Из шутки вышло так, что Анна Михайловна, после некоторого замешательства и нескольких минут колебанья, уступила просьбе Долинского и в самом деле отдала ему свои две свободные комнаты.
– И очень прекрасно! – возглашал художник, когда переговоры кончилась в пользу перехода Долинского к Прохоровым.
– А прекрасно, – говорила Дора, – по крайней мере, будет хоть с кем в театр пойти.
– Прекрасно, прекрасно, – отвечал Журавка шутя, но с тенью некоторой, хотя и легкой, но худо скрытой досады.
После уничтожения принесенных Ильёй Макаровичем двух бутыльченок, он начал высказываться несколько яснее:
– Если б я был холостой, – заговорил он, – уж тебе б, братишка, тут не жить.
– Да вы же разве женаты?
– Пф! Не женат! Да ведь я же ей вексель выдал. Этого события между Ильёй Макаровичем и его Грациэллою до сих пор никто не ведал. Известно было только, что Илья Макарович был помешан на свободе любовных отношений и на итальяночках. Счастливый случай свел его где-то в Неаполе с довольно безобразной синьорой Луизой, которую он привез с собою в Россию, и долго не переставал кстати и некстати кричать о ее художественных талантах и страстной к нему привязанности. Поэтому известие о векселе, взятом с него итальянкою, заставило всех очень смеяться.
– Фу, боже мой! Да ведь это только для того, чтоб я не женился, – оправдывался художник.
Дорогою, по пути к Васильевскому острову, Журавка все твердил Долинскому:
– Ты только смотри, Нестор… ты, я знаю… ты человек честный…
– Ну, ну, говори яснее, – требовал Долинский.
– Они… ведь это я тебе говорю… пф!

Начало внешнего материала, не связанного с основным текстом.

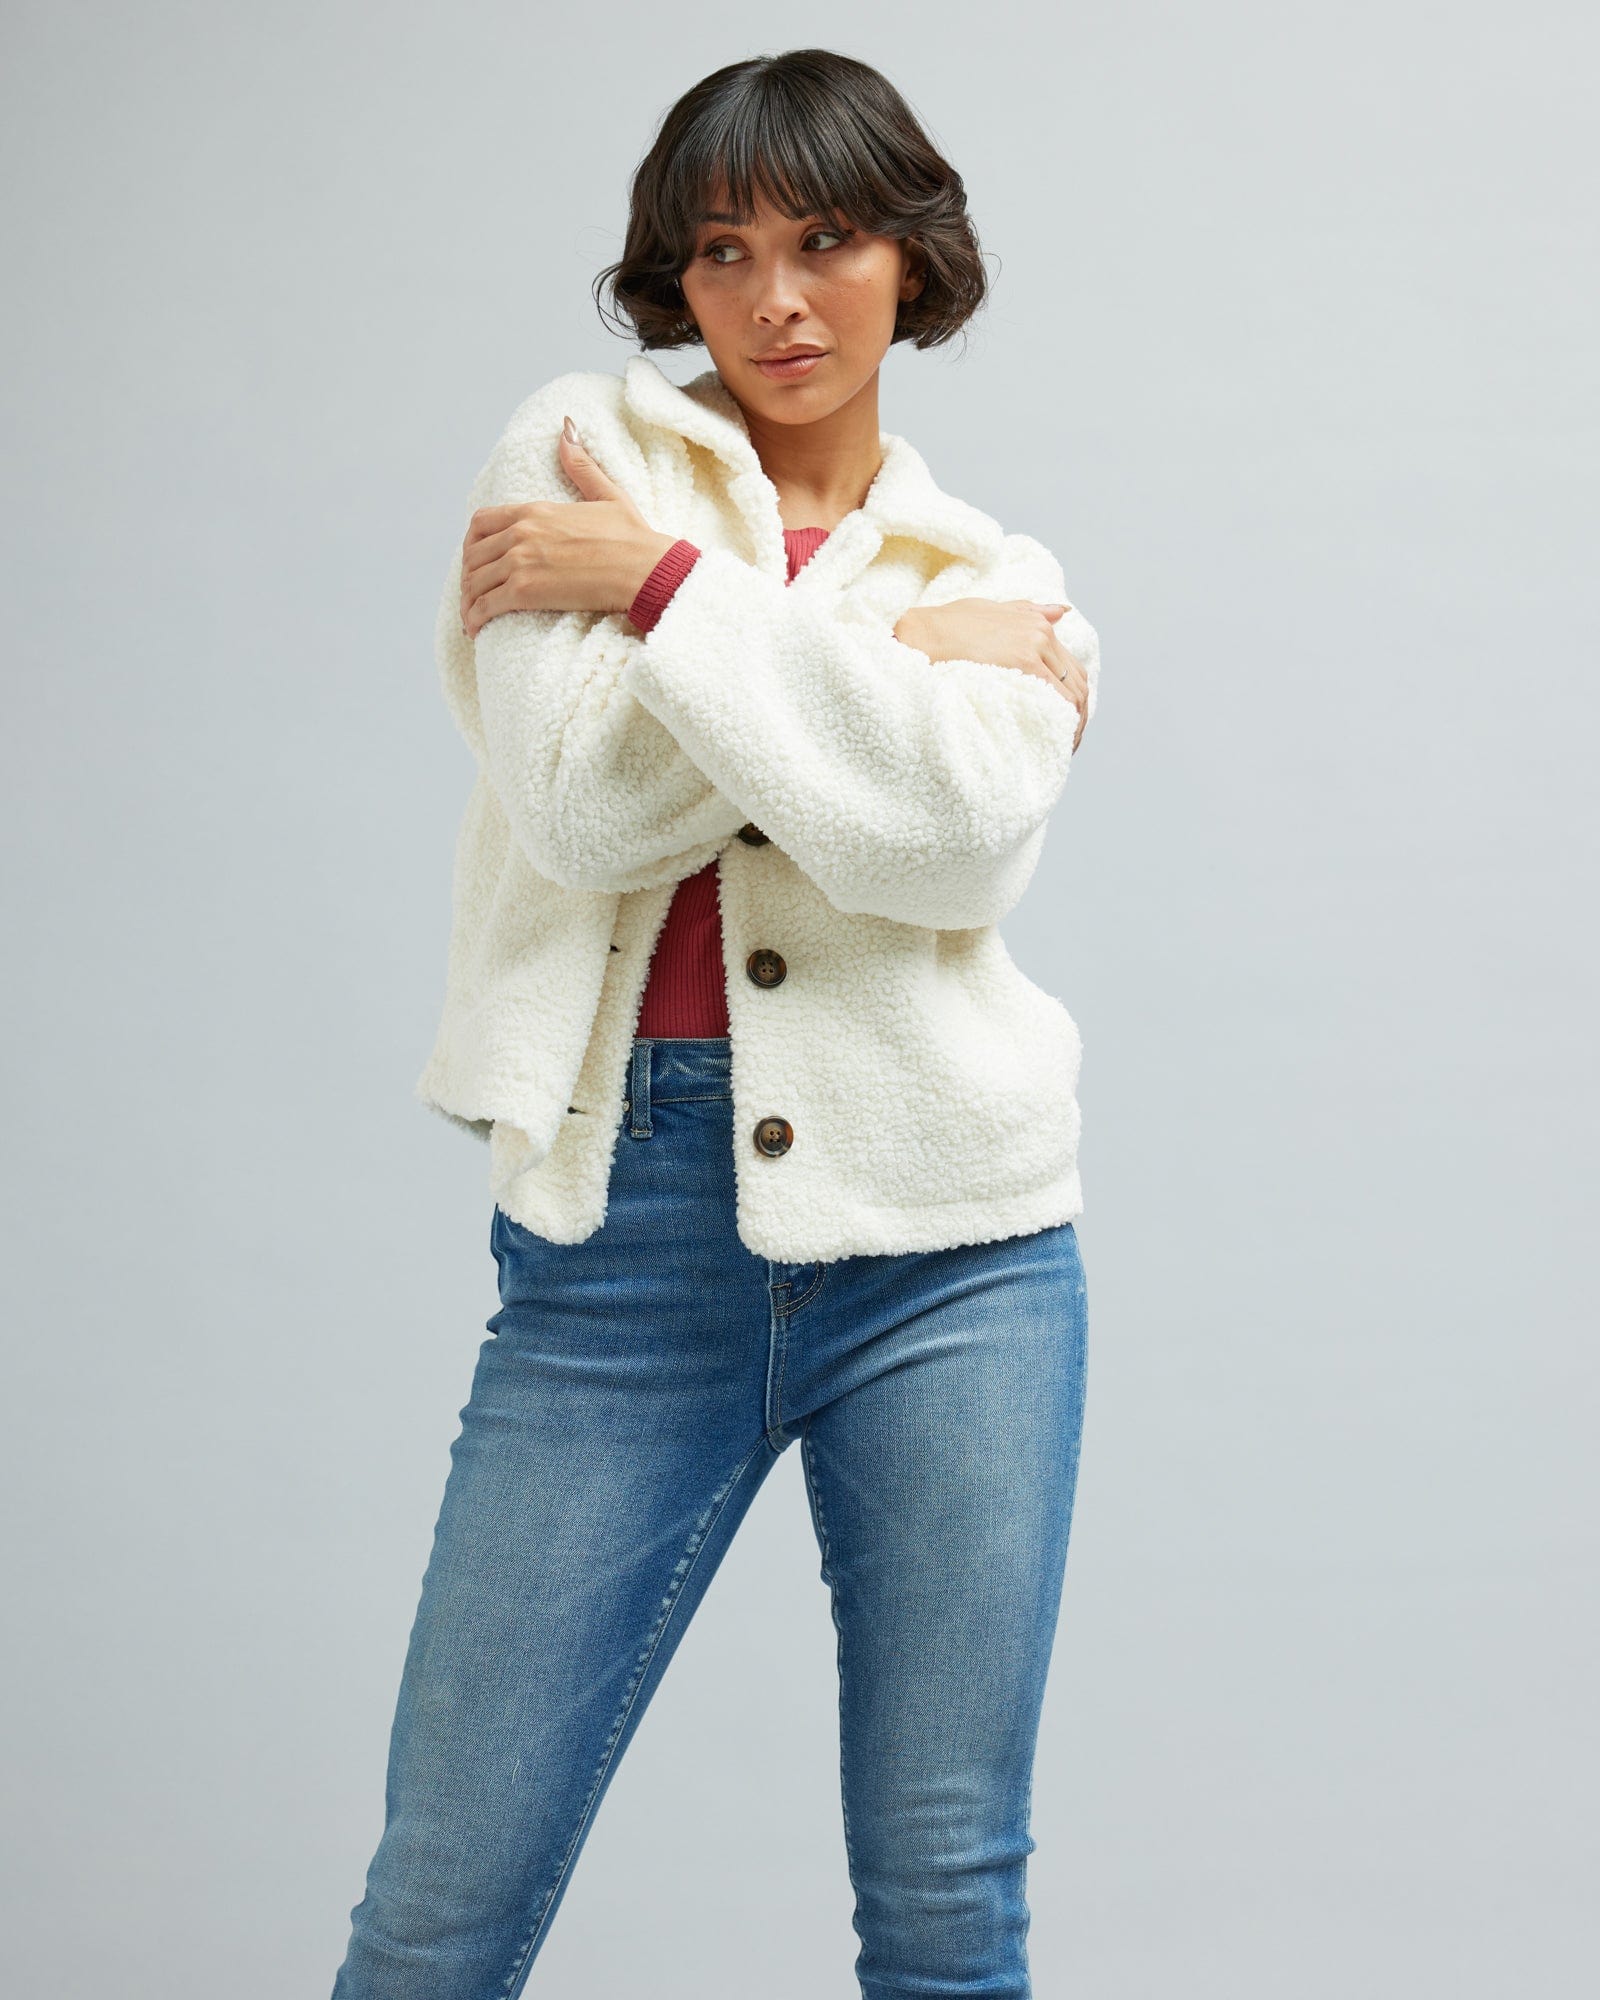 Woman in a long sleeve, white, sherpa jacket

Это божественные души!.. чистота, искренность… доверчивость…
– Да ну, что ты сказать-то хочешь?
– Не… обеспокой как-нибудь, не оскорби.
– Полно, пожалуйста.
– Не скомпрометируй.
– Ну, ты, я вижу, в самом деле пьян.
– Это, друг, ничего, пьян я, или не пьян – это мое дело; пьян да умен, два угодья в нем, а ты им… братом будь. – Минут пять приятели проехали молча, и Журавка опять начал:
– Потому что, что ж хорошего…
– Фу, надоел совсем! Что, я сам будто не знаю, – отговорился Долинский.
– А знаешь, брат, так и помни. Помни, что кто за доверие заплатит нехорошо, тот подлец, Нестор Игнатьич.

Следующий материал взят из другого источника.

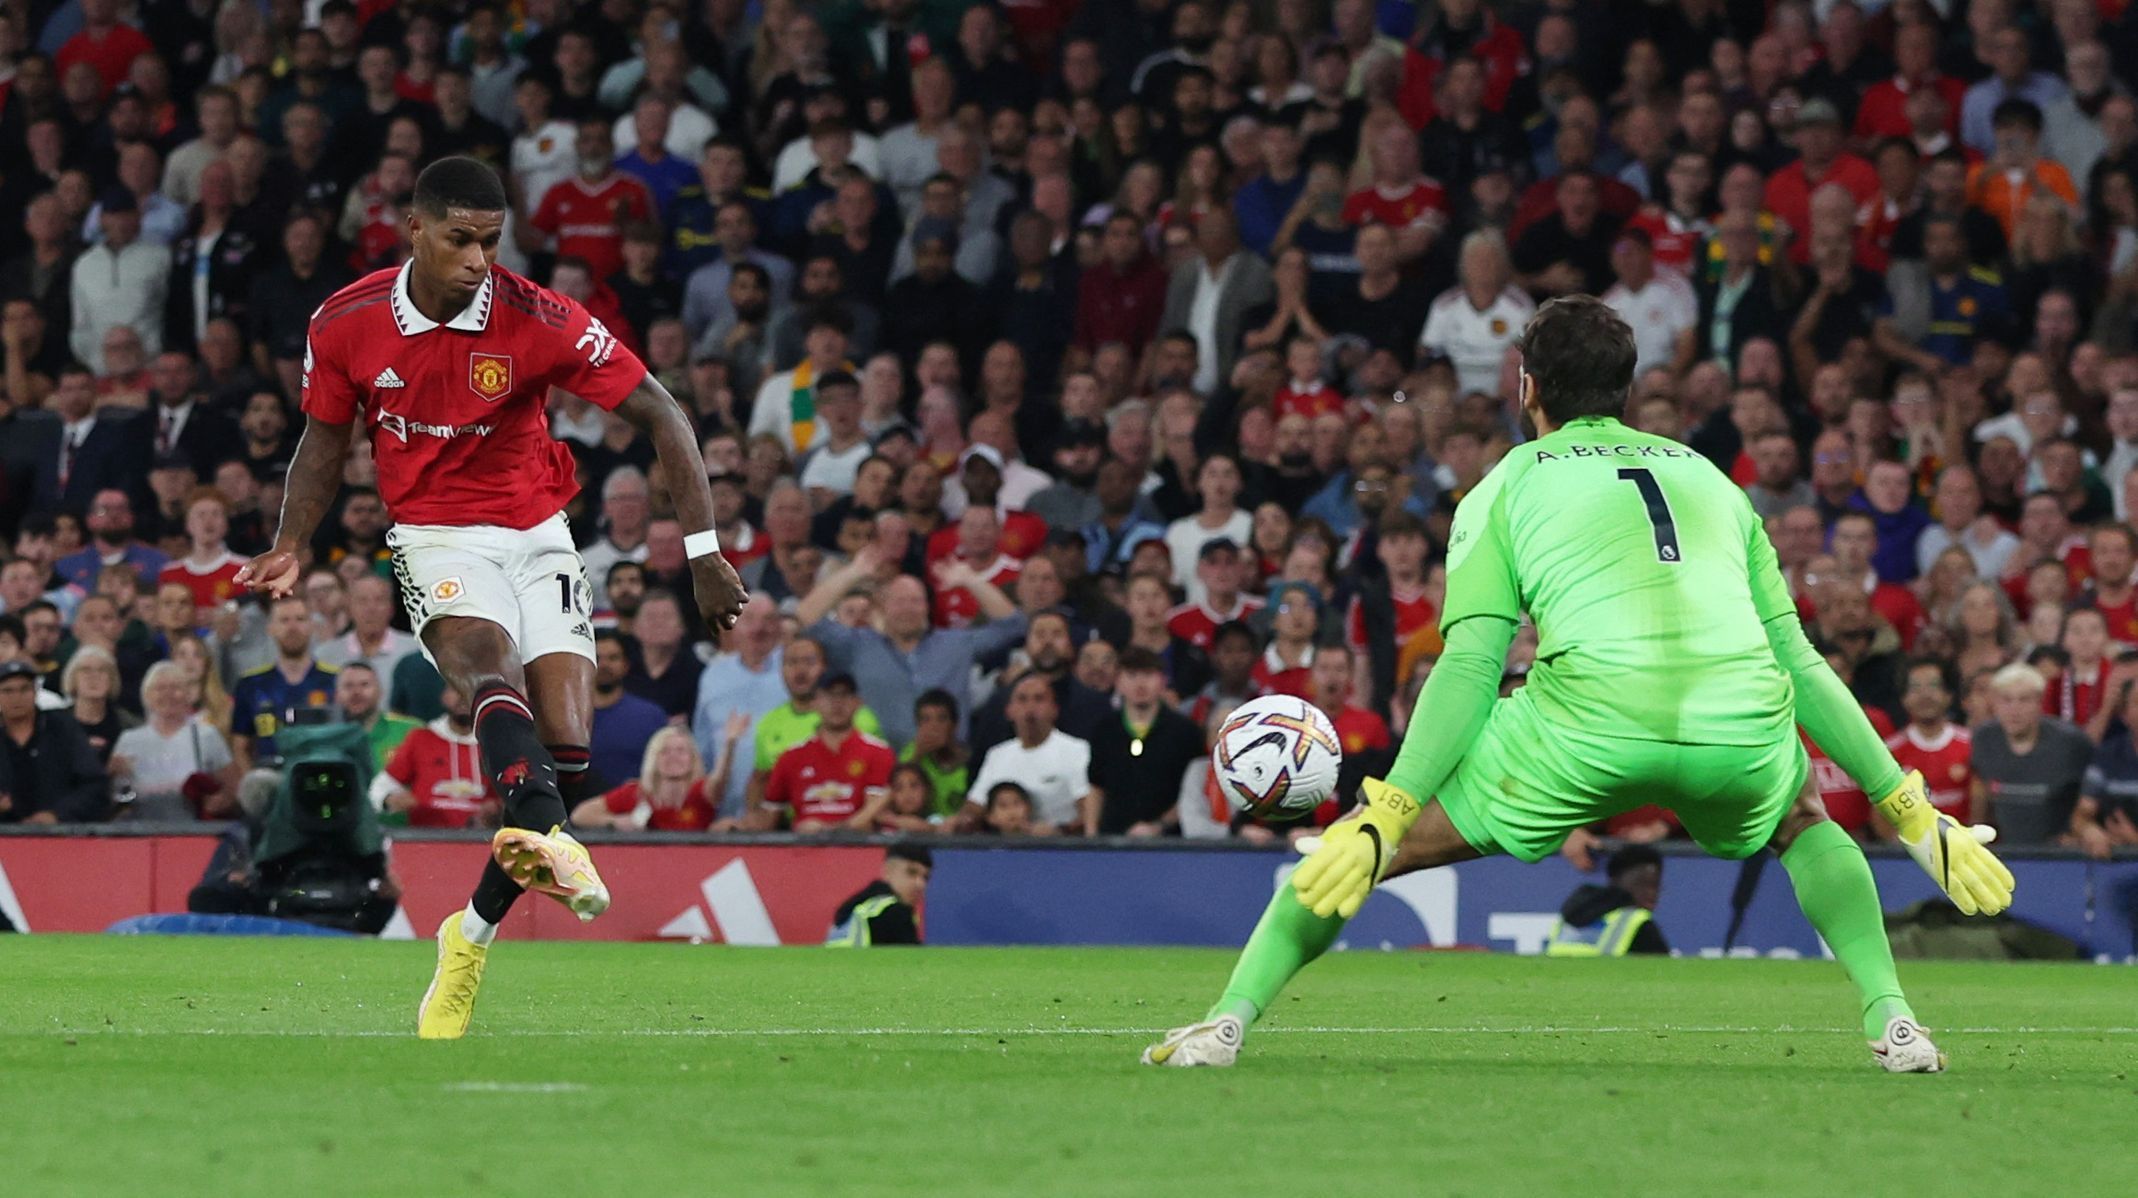 Marcus Rashford z Manchesteru United dává gól v zápase s Liverpoolem

– Подлец, Илья Макарович, – шутя отвечал Долинский.
Оба приятеля весело рассмеялись и распростились у гостиницы, тотчас за Николаевским мостом.

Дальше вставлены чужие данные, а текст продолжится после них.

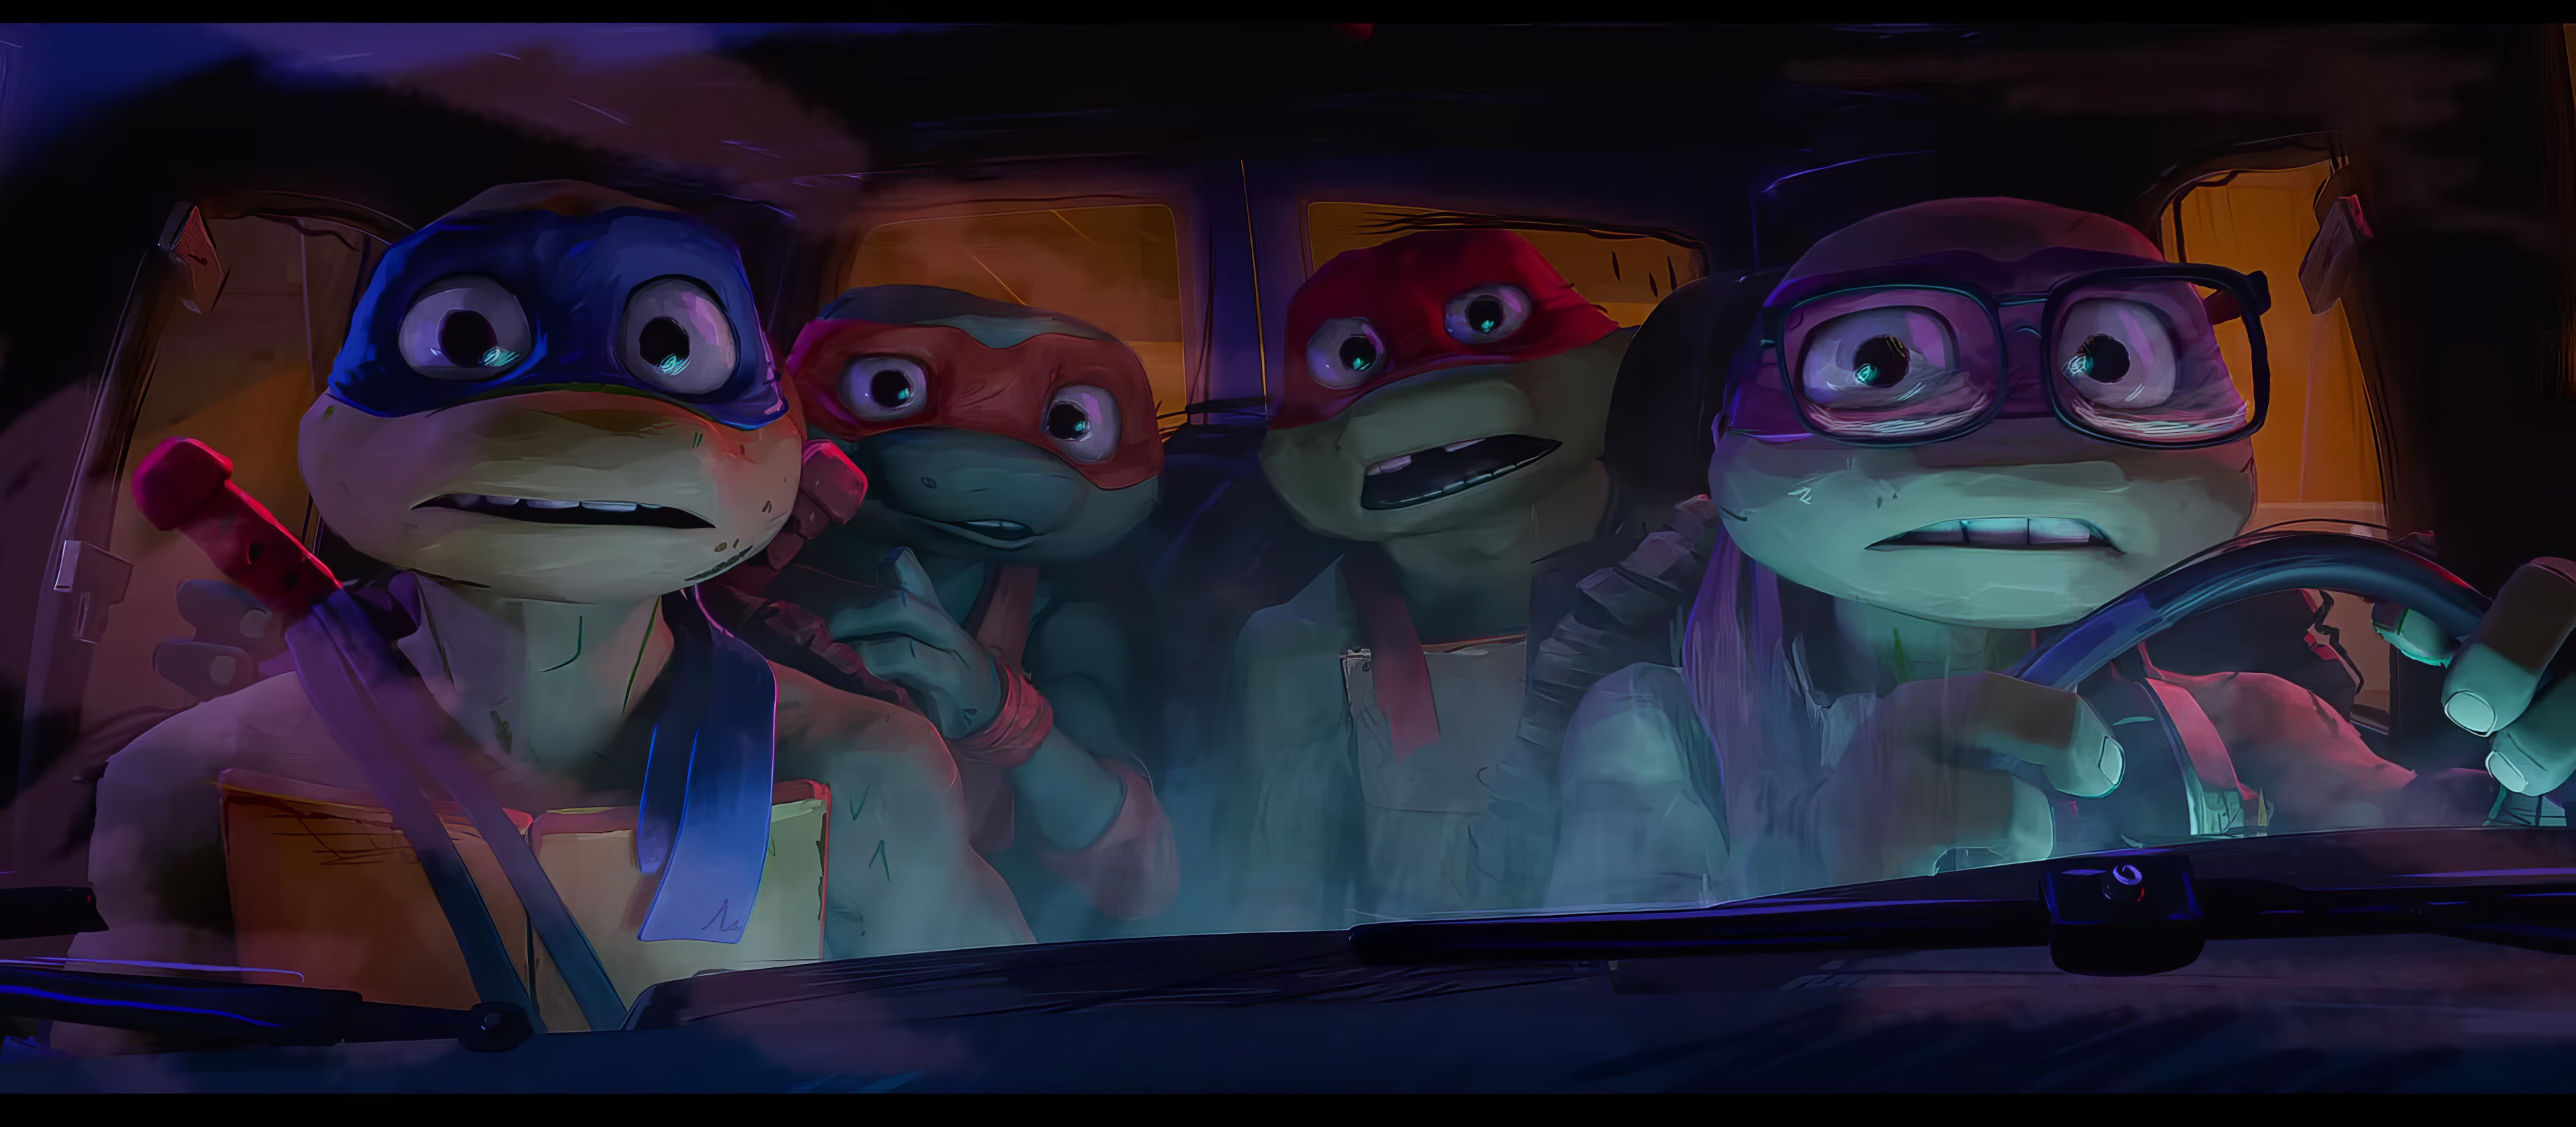 HD wallpaper featuring the Teenage Mutant Ninja Turtles from Mutant Mayhem looking surprised in a colorful, high-resolution desktop background.

На другой день, часу в двенадцатом, Долинский переехал к Прохоровым и прочно водворился у них на жительстве.
– Вчера Илья Макарович целую дорогу все читал мне нотацию, как я должен жить у вас, – рассказывал за вечерним чаем Долинский.
– Он большой наш друг и, к несчастью его, совершенно слепой Аргус, – отвечала Дора.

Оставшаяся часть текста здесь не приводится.